Following this incident, father had some counseling sessions with Ellen
Yates, a psychologist who had consulted with the family since the time of the
Nevada custody dispute. During the course of the counseling, father became
increasingly agitated, volatile, and hostile toward his parents. Although they had
assisted their 41-year-old son financially throughout his adulthood, and were
caring for his daughter full time, he displayed no gratitude. He was preoccupied
by their disagreements over Charlotte’s activities and the idea that they were
trying to take her away from him. He became accusatory toward Dr. Yates as
well. She was concerned for her safety and eventually ended the sessions due to
father’s intransigence and volatility.
Father was granted supervised visitation with Charlotte early in 2003. In
April 2003, he sought custody in the domestic violence proceeding initiated by his
parents. The court found that California was now Charlotte’s home state, and
4
assumed jurisdiction of any modifications to the Nevada guardianship order. It
ordered that Brigitte and Cornelis retain sole custody.
Father’s supervised visits with his daughter did not go well. Charlotte felt
unsafe with him and wanted the visitation monitor to remain nearby. When the
monitor was not near, father would whisper to her about taking her away, to
Alaska or Spain or on a skiing trip, which frightened her. Against the monitor’s
instructions, he repeatedly told Charlotte she would be coming to live with him,
spoke to the child about the legal proceedings, and disparaged his parents. He
argued with his parents at the visitation site. In March 2004, visitation was
discontinued. The monitor reported: “It is necessary to terminate visitation due to
repeated violations of the behavioral guidelines by numerous verbal and written
warnings [sic]. These violations include derogatory comments about the custodial
guardians, arguing with the custodial guardians on the visitation premises,
personal references about the monitor, probing and harassing questions to
Charlotte, statements that frighten her, use of foul language to the monitor and
calling the monitor while intoxicated.
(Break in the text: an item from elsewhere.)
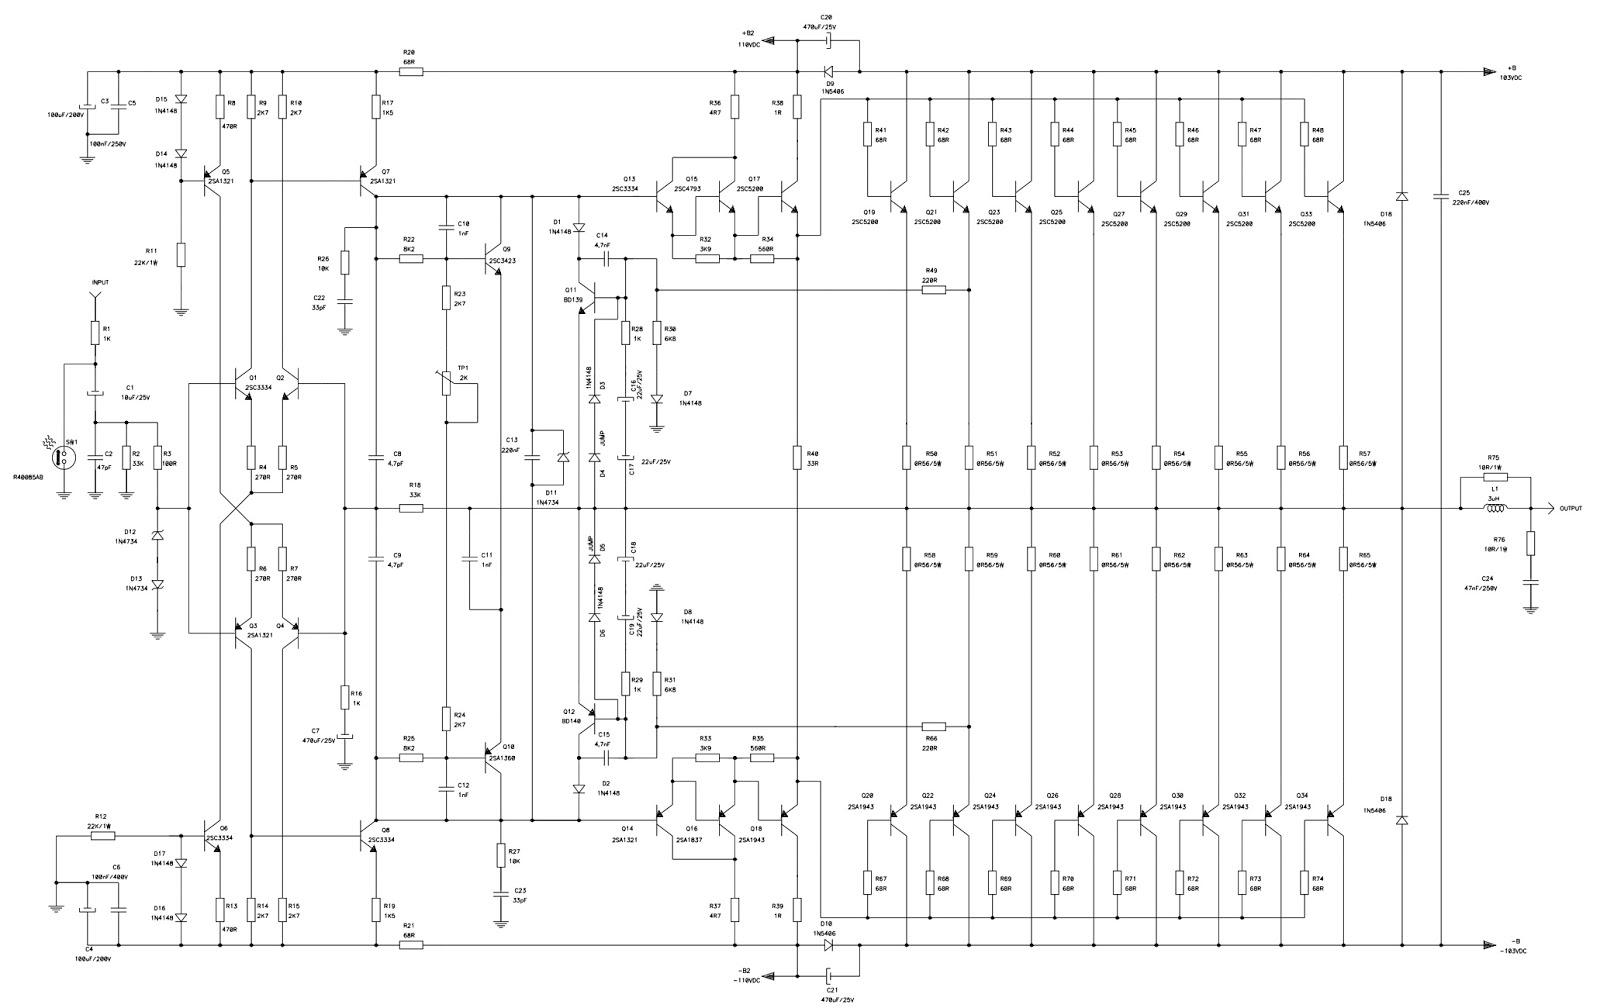 Pro Audio Wiring Diagrams 98 Audi A4 Fuse Diagram Attack 6400  Professional Power Amplifier Circuit

These disruptive behaviors do not allow
[Charlotte] an emotionally or psychologically safe place for supervised visitation
to occur.”
In 2004, father was convicted of a number of offenses: misdemeanor
battery on a peace officer, felony obstruction of an executive officer, felony
domestic violence, and theft from his girlfriend. After the felony convictions in
August 2004, he was placed in a substance abuse treatment facility. In September
2004, Brigitte and Cornelis filed an adoption request. In January 2005, they
petitioned to terminate the birth parents’ rights under section 1516.5.
A county adoption worker filed a report with the court in March 2005. It
noted that the guardians were closely bonded to Charlotte and committed to
raising her. She had not seen her mother since 1995, or her father since February
2004. Charlotte was 9 years old, “a very attractive, petite, personable, precocious,
sensitive, articulate child.” She played the violin, participated in the school band,
5
loved to ski, and was taking tennis lessons. Her health was good. In an interview
with the adoptions worker, Charlotte described her father as “scary.” She was
reluctant to relate things he had done, because she worried that he would come
back and do something bad to her. She wanted her grandparents to adopt her
“because they will take better care of me.”
Father was incarcerated, and the adoption worker spoke to him by
telephone. He claimed to have a fantastic relationship with Charlotte, and to have
always provided for her. He said he thought Brigitte had driven his “wife” to
“suicide,” though the worker was aware that Brigitte had recently spoken with
mother. He blamed his drinking problem on his separation from Charlotte.
The report concluded that Charlotte’s best interest would be served by
terminating the parental rights of both parents so that her grandparents could adopt
her. Based on statements from Charlotte and Dr. Yates, the adoption worker
believed that contact with father would not be in Charlotte’s best interest, and
could be detrimental.
In April 2005, the court terminated mother’s parental rights. She had not
appeared, after efforts to locate her failed and notice was served by publication.
The next month, a trial was held on the section 1516.5 petition. Father was
present, represented by counsel. Dr. Yates, Brigitte, and the visitation monitor
testified for the guardians. Father testified on his own behalf, and presented
testimony from his brother and his pastor.
Father’s counsel argued briefly that the investigation of the guardians’
home was inadequate. However, his principal argument was that section 1516.5
unconstitutionally permits the termination of parental rights based solely on the
best interest of the child. The court noted that the facts would not have supported
a finding of abandonment under Family Code section 7822, but declined to hold
section 1516.5 unconstitutional. It terminated father’s parental rights, finding by
clear and convincing evidence that it would be in Charlotte’s best interest to be
adopted by her guardians.
6

The Court of Appeal reversed and remanded for a determination of father’s
parental rights under Kelsey S., supra, 1 Cal.4th 816. If he could carry the burden
of proving a full commitment to his parental responsibilities, the trial court was
directed to deny the section 1516.5 petition, without prejudice to the assertion of
other grounds for terminating father’s parental rights. The Court of Appeal noted
that under Kelsey S., the rights of a natural father who demonstrates sufficient
parental responsibility may not be terminated without a showing of his unfitness as
a parent, which is required as a matter of due process. (Id. at p. 849.) However,
the court rejected the claim that section 1516.5 is facially unconstitutional,
reasoning that it did not violate the rights of unwed fathers who fail to qualify for
protection under Kelsey S. Because the trial court did not consider whether father
had made a full commitment to his parental responsibilities, the Court of Appeal
remanded for further proceedings.
II. DISCUSSION
As we explained in Ann S., supra, __ Cal.4th at pp. __, section 1516.5 is
facially constitutional. The statute applies only when a child has spent at least two
years in a probate guardian’s custody.2 During that time all parental rights and
custodial responsibilities are suspended, with the possible exception of visitation.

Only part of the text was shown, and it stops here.